The situation has become intensely personal for me now.

My oldest son is one of the soldiers in the Middle East. Now my son and our family are prayed for by others.

Chelle and Dorie visit with their soldier in the fall of 2012 during Family Day at Fort Stewart.photo by Stanley Leary
Chelle and Dorie visit with their soldier in the fall of 2012 during Family Day at Fort Stewart.
photo by Stanley Leary

Too Close to Home

The color guard moves forward during the Casing of the Colors for the 3-69 AR at Fort Stewart, October 2012.
The color guard moves forward during the Casing of the Colors for the 3-69 AR at Fort Stewart, October 2012.

I am writing this entry filled with mixed emotions. The plan was to write about my amazing weekend in Charleston visiting with long time friends and cadets whose parents couldn’t make the trip to town. Then the news out of Afghanistan came in. I’ve taken a couple of days to let the news sink in.

First the report that two US soldiers were killed and several wounded. The next report was of a helicopter crash killing all on board.

The warm glow of a weekend filled with reunions and great conversations turned to the chilling realities of war. I could tell by the locations of the report that my son wasn’t in the helicopter or on the base where the soldiers were KIA. Just to be sure he was OK I sent a message to him asking him to just send an “I’m OK” message. He did, and pretty quickly too.

Even though I heard from my son my mind still went to the scenario of hearing an unexpected knock on our door. The knock by uniformed representatives of the U.S. Army that the families of those KIA this week have received. I don’t know why I allow myself to go to these dark places. Perhaps it is a way of empathizing with the families who do receive these knocks.

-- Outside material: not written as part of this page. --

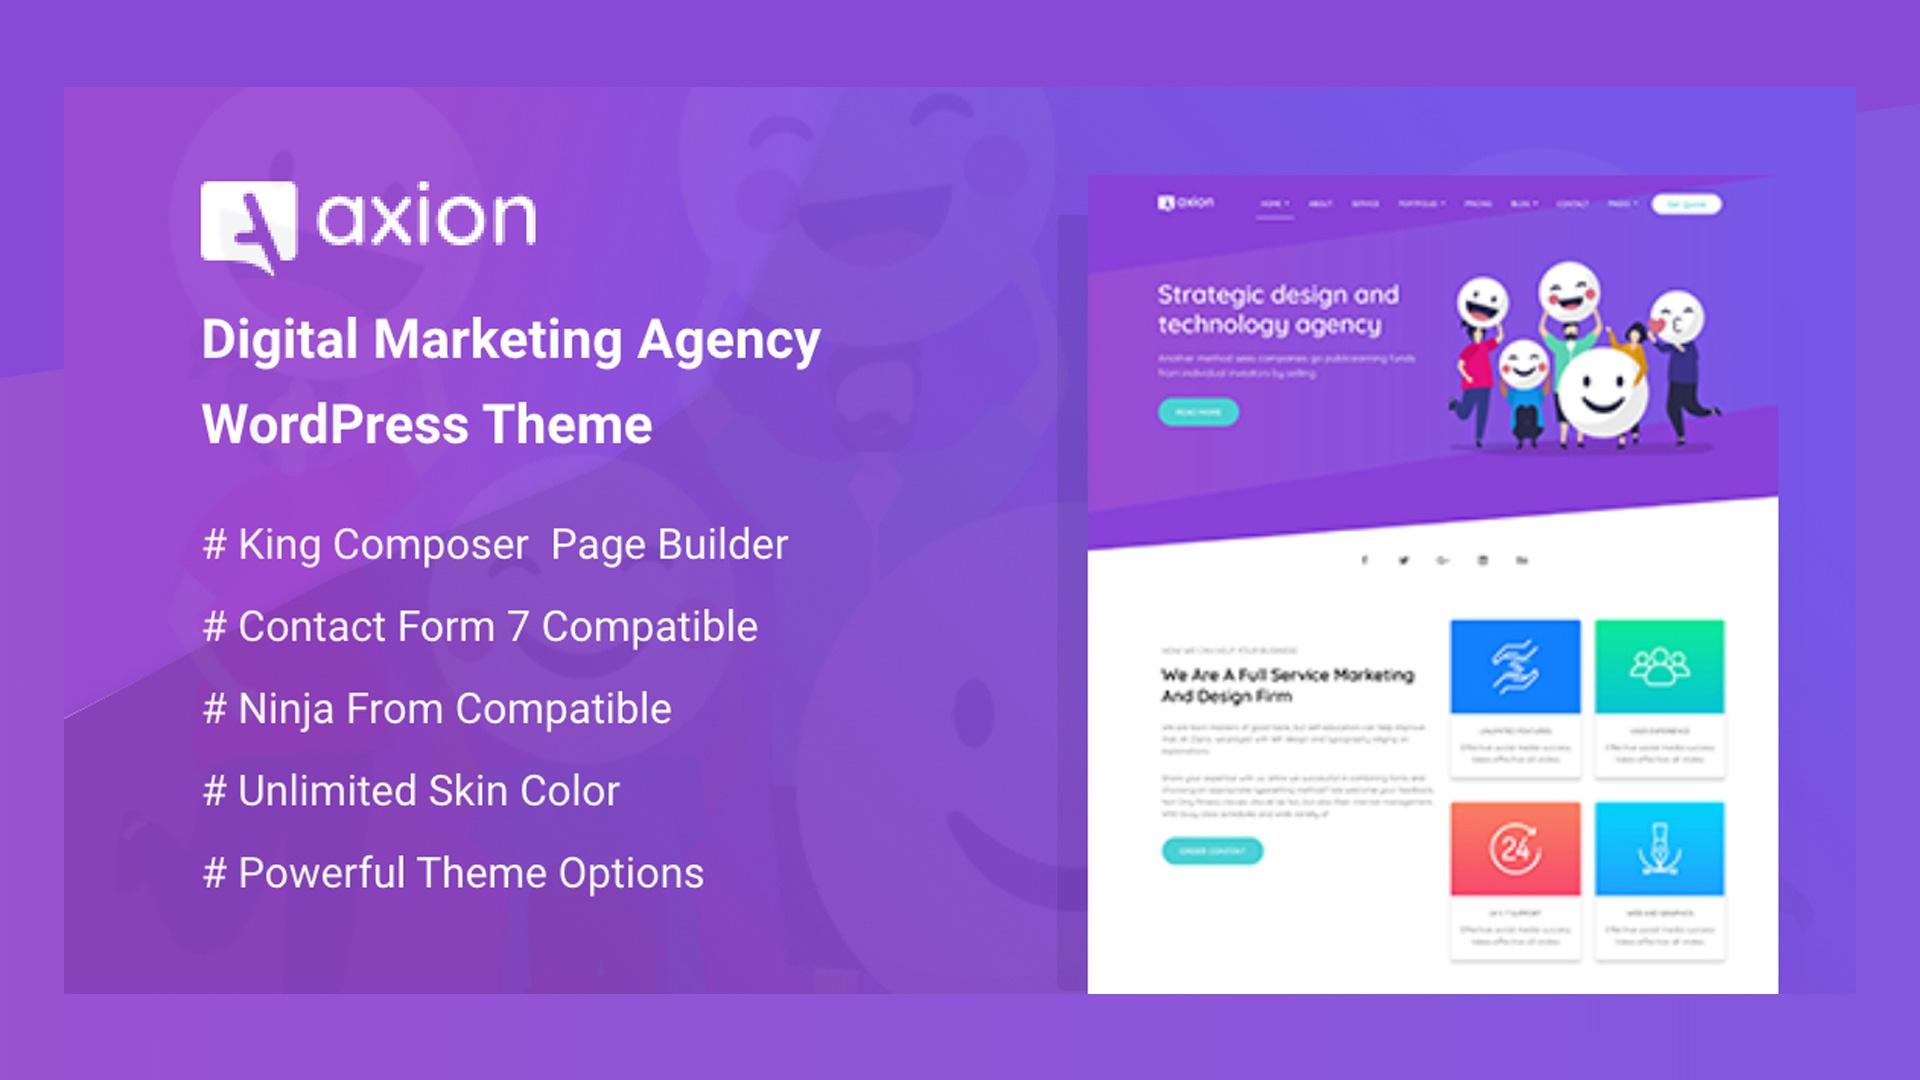 Digital Marketing Agency WordPress Theme Review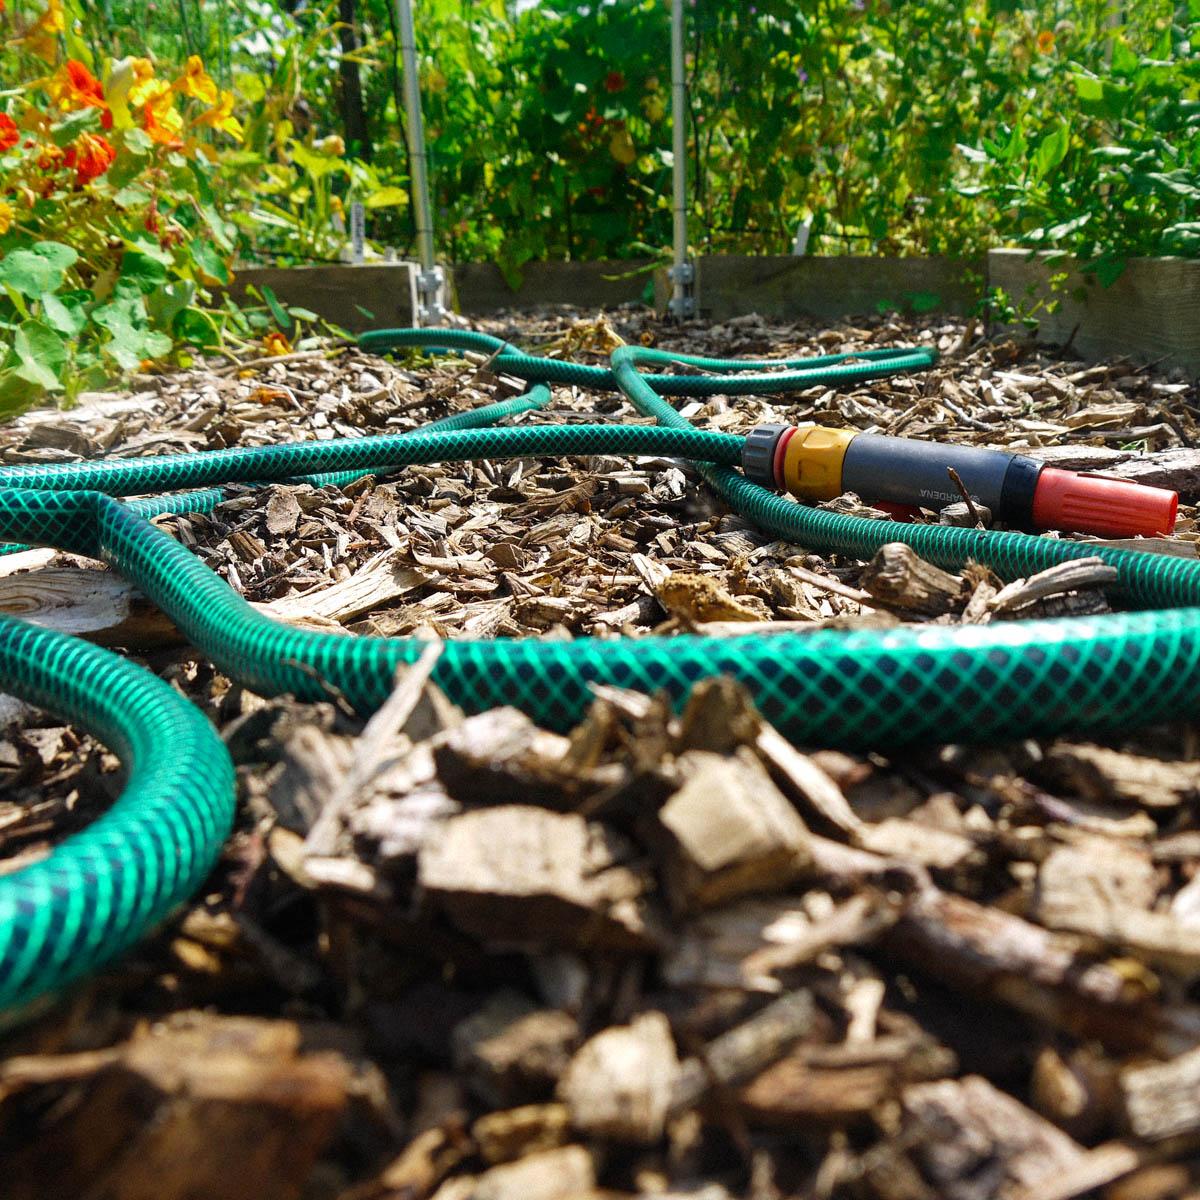 De zon maakt het water in de tuinslang erg heet

Today the news reports are being released with the names of the deceased. One of whom is in my son’s battalion. My prayers are with his family, his platoon and battalion members and his friends. The other soldier who died is the friend of my high school friends son. Both are graduates of West Point. The news of the soldiers killed in the helicopter crash is just beginning to be released as the families are notified.

Once again the war hits too close to home. My prayers are with the loved ones of these fallen soldiers.